Some 107 graves were defaced with anti-Semitic inscriptions in the city of Westhoffen, while graffiti against Jews was also found in nearby Schafhouse-sur-Zorn on Tuesday.

France has Europe’s biggest Jewish community – around 550,000 – and anti-Semitic attacks are common, with more than 500 alone in 2018.

Earlier this year, politicians from across the spectrum joined marches against anti-Semitism.

They denounced a surge in attacks that some commentators blamed on incitement by Islamist preachers, others on the rise of anti-Zionism – opposition to the existence of Israel as a homeland for the Jewish people.

Lawmakers in parliament’s lower house on Tuesday evening approved a non-legally binding resolution modelled on the definition of anti-Semitism set by the International Holocaust Remembrance Alliance (IHRA).
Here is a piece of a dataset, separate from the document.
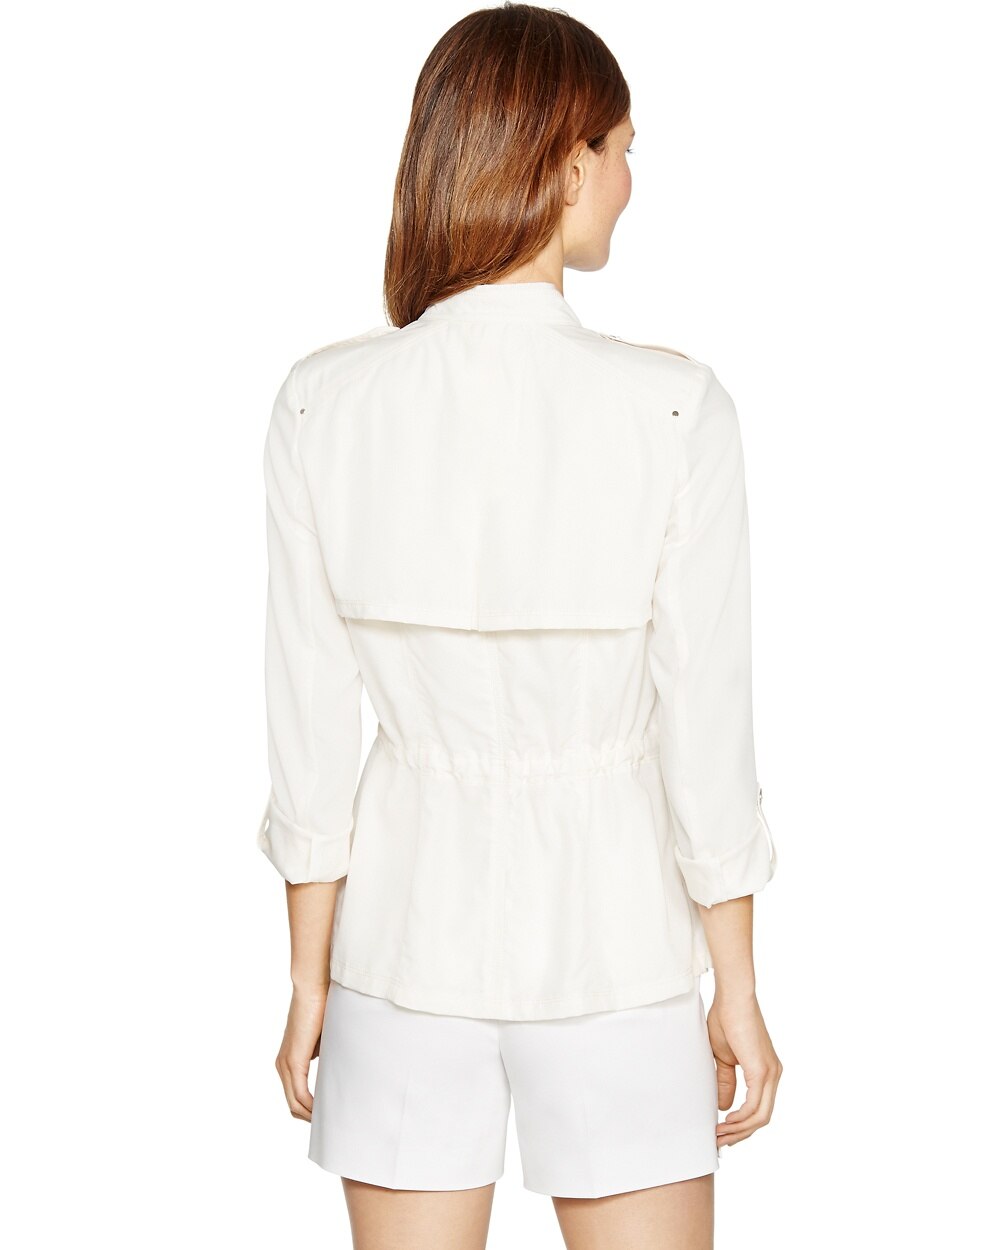 3/4 Sleeve Cream Shirt Jacket - White House Black Market

The IHRA definition, which serves as an international guideline, does not reference “anti-Zionism” but does say denying Jews their right to self-determination is anti-Semitic.

The World Jewish Congress hailed France’s step.

“For too long too many have used the excuse that their obsessive criticism of Israel stands exclusive from their otherwise positive feelings for the Jewish people. Those days are now over,” it said.

Debate over the resolution split Macron’s ruling La Republique En Marche party, with some opponents saying it could impede people from criticising the Israeli government.